> **Task objective**:
Would you transcribe the listing that follows word for word, skipping pictures?
*** Given data ***
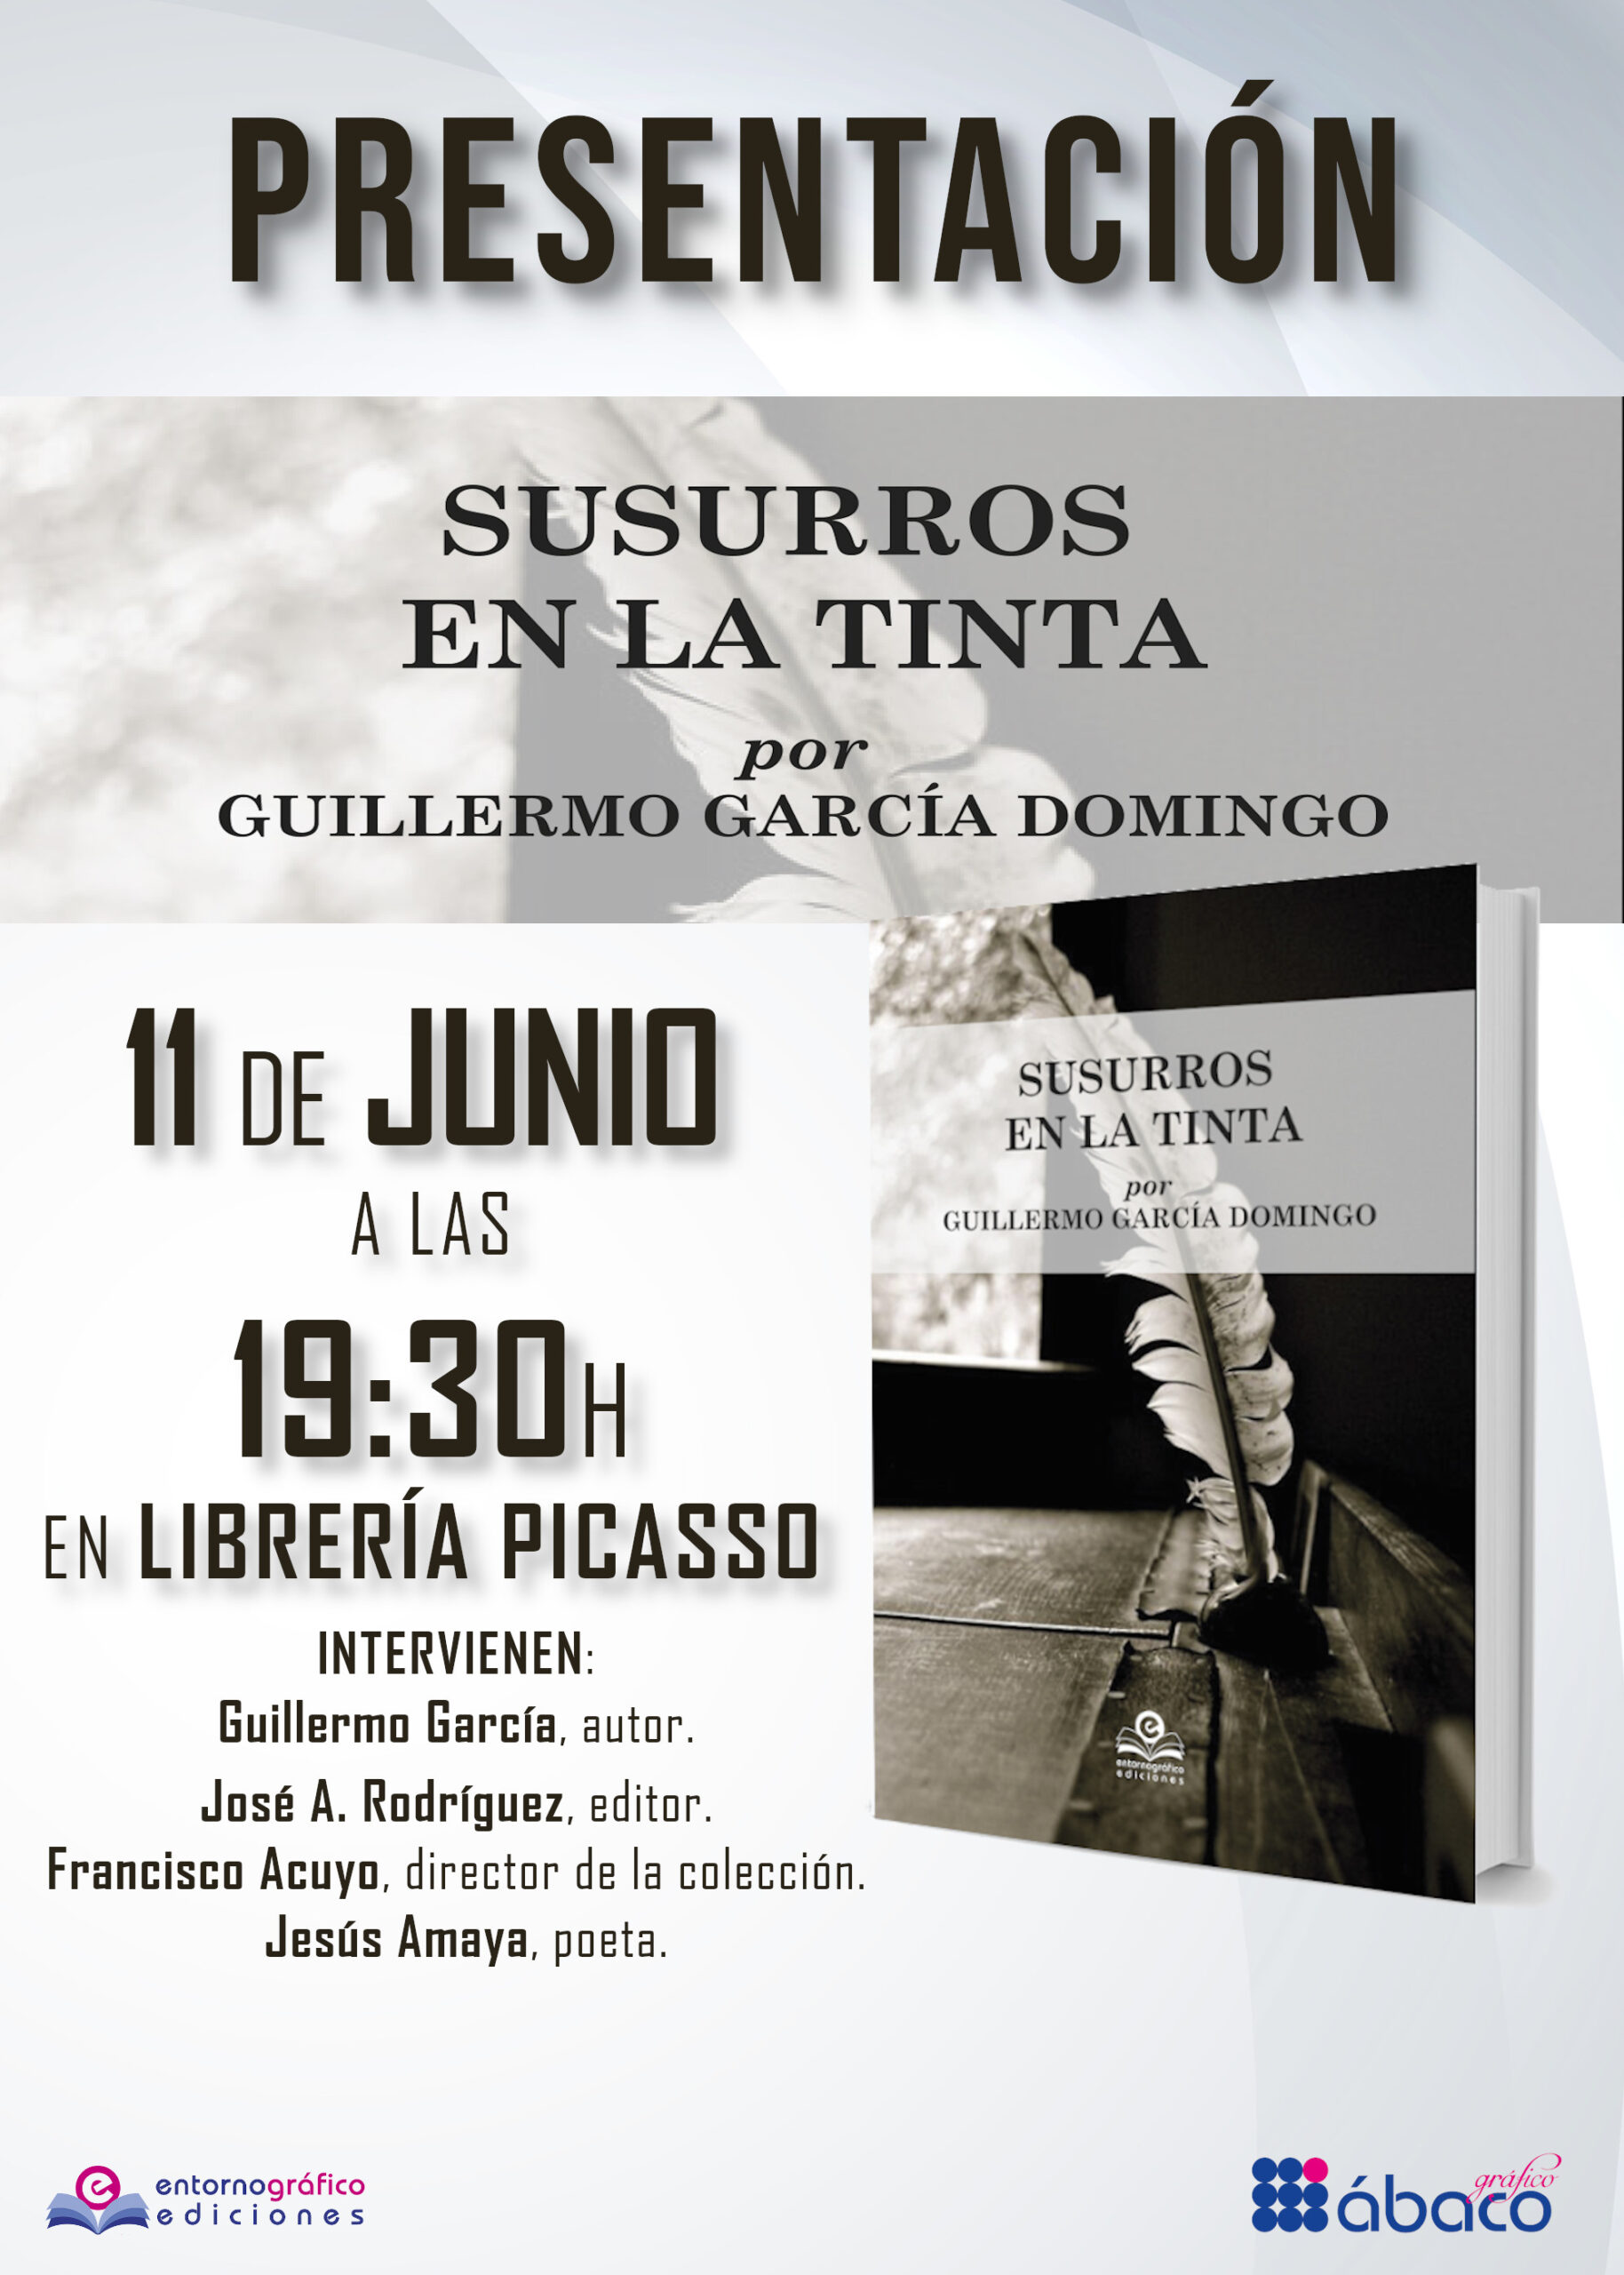 Presentación del libro “Susurros en la tinta”, de Guillermo García Domingo
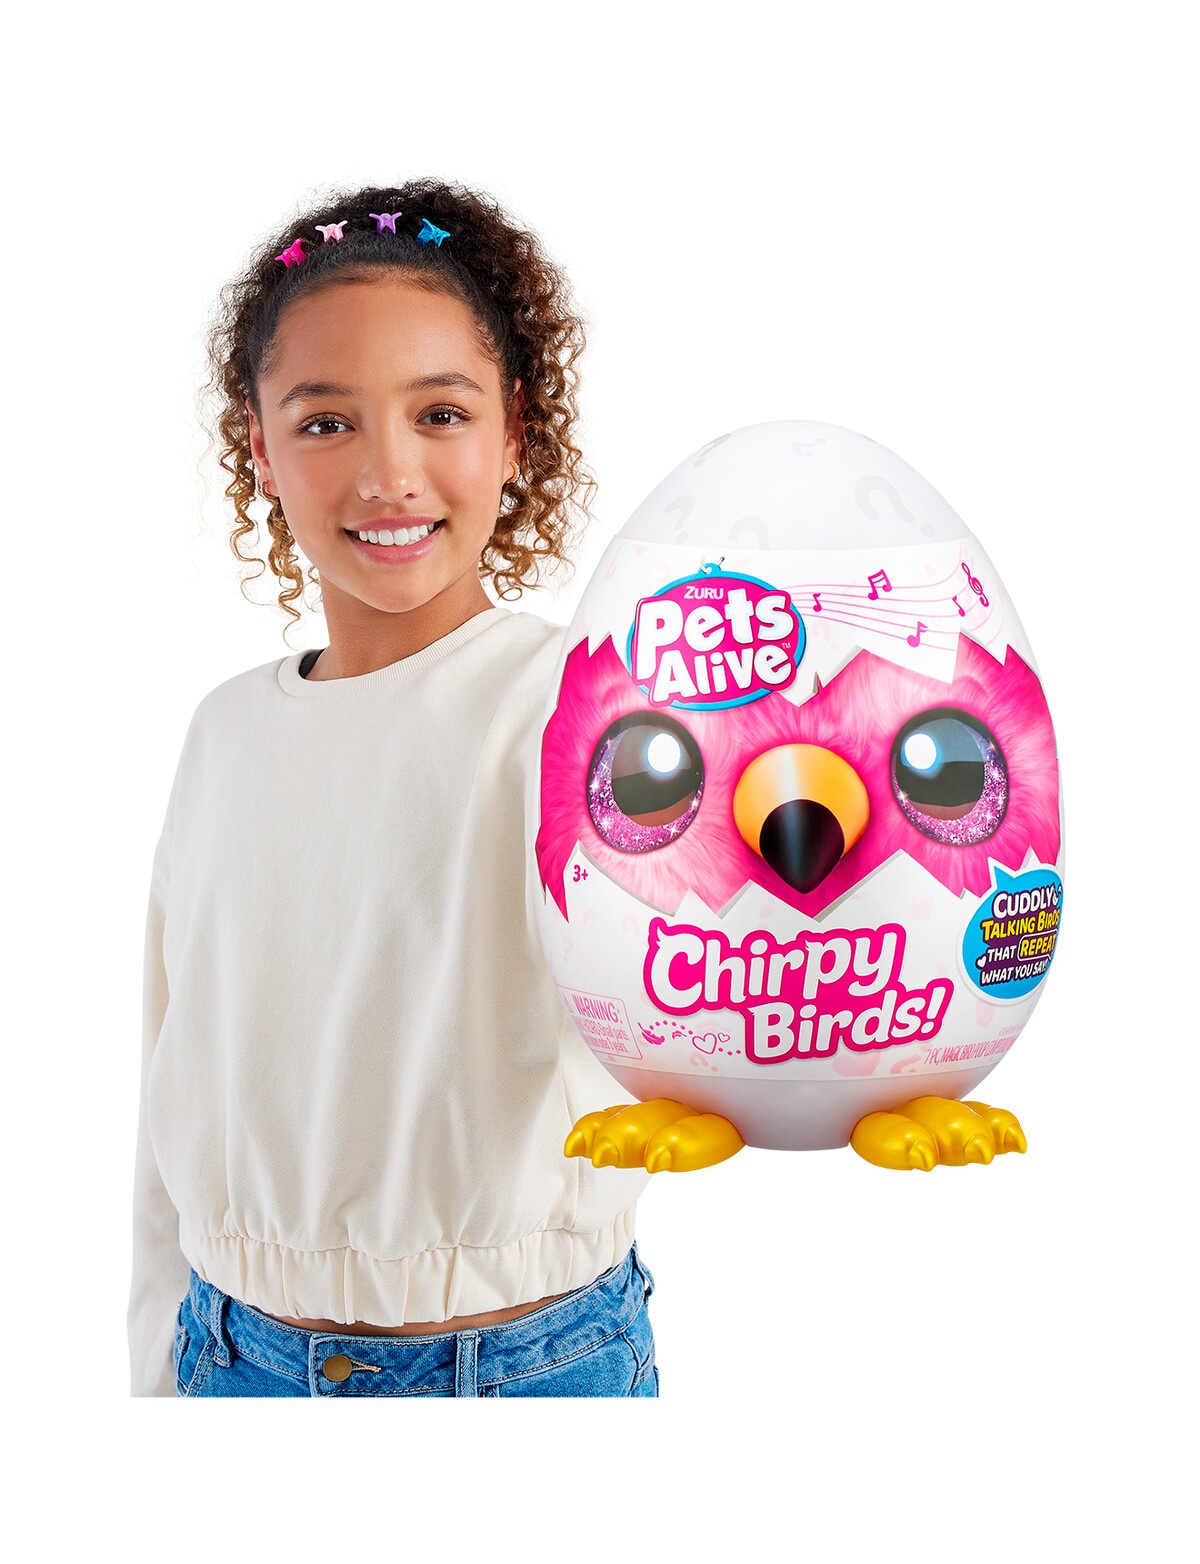 Pets Alive Chirpy Birds Interactive Speaking Pet Plush Toy by ZURU in 2023
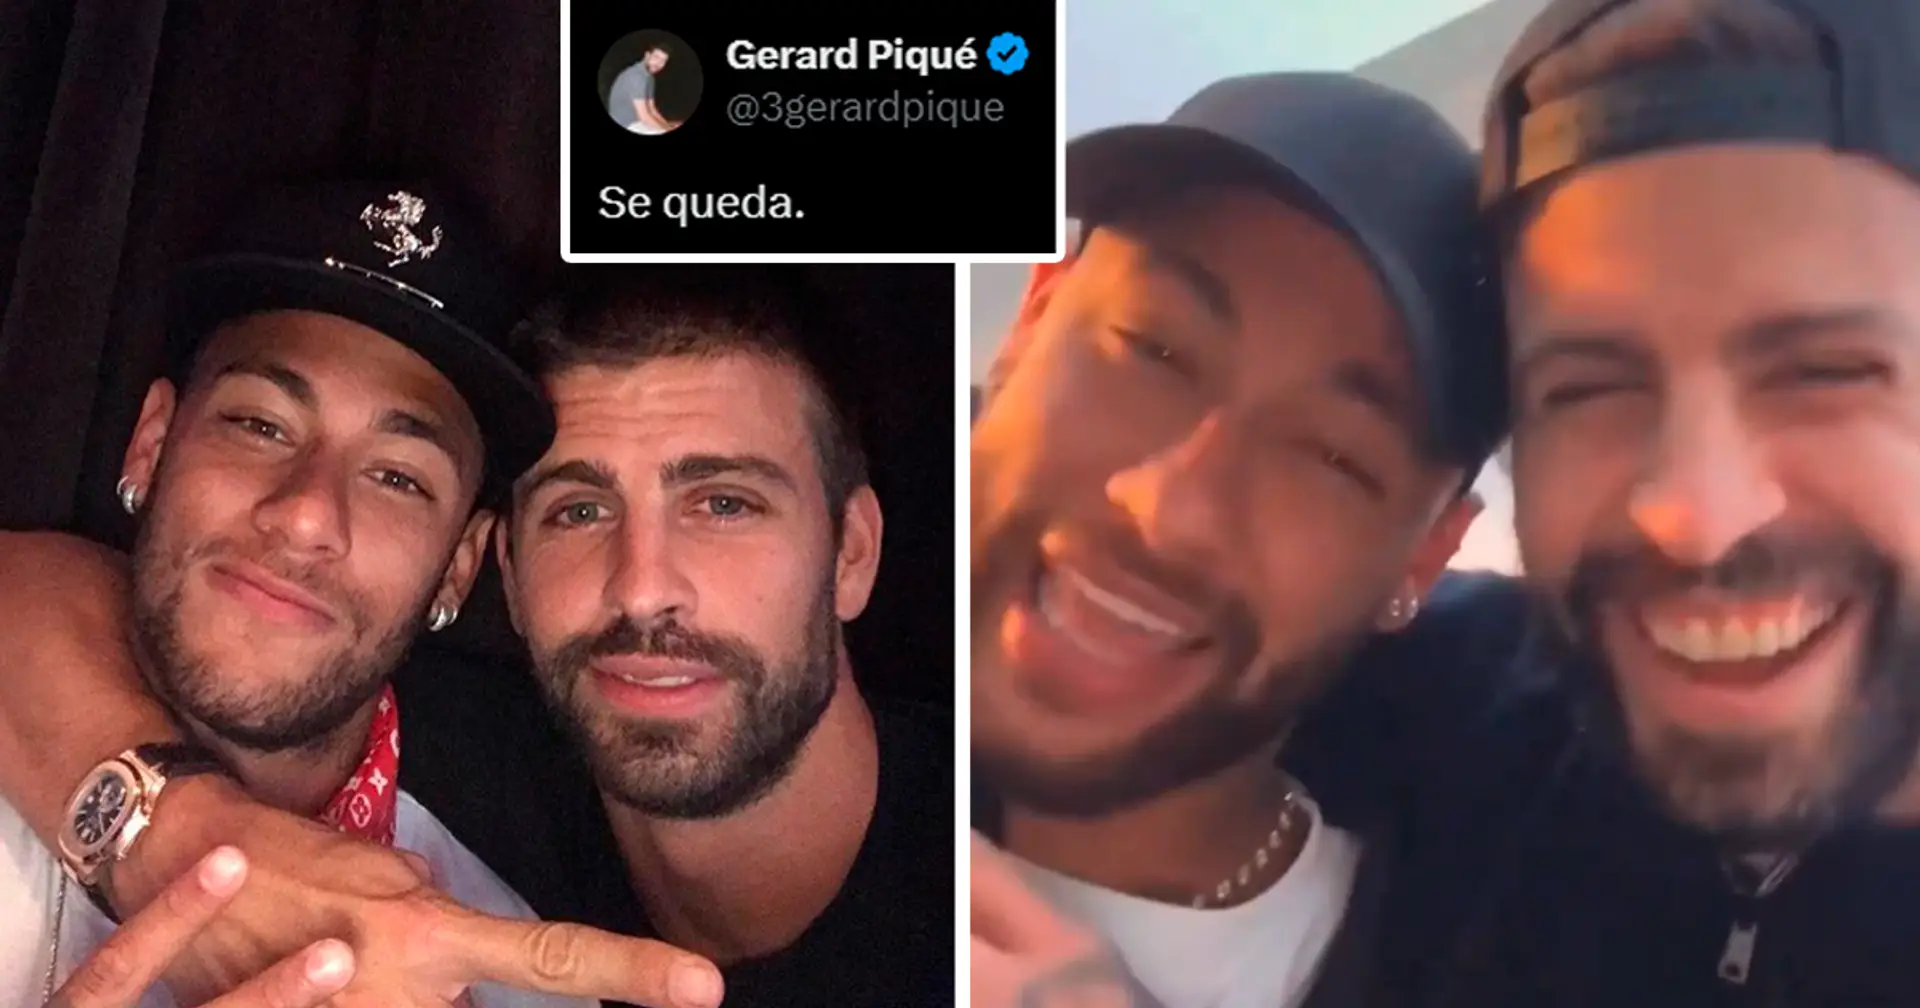 "Maintenant oui, se queda" : Neymar et Piqué recréent ensemble le mème posté par Gerard
***
> **Response for this exercise**:
 Presentación del libro “Susurros en la tinta”, de Guillermo García Domingo
 Pets Alive Chirpy Birds Interactive Speaking Pet Plush Toy by ZURU in 2023
 "Maintenant oui, se queda" : Neymar et Piqué recréent ensemble le mème posté par Gerard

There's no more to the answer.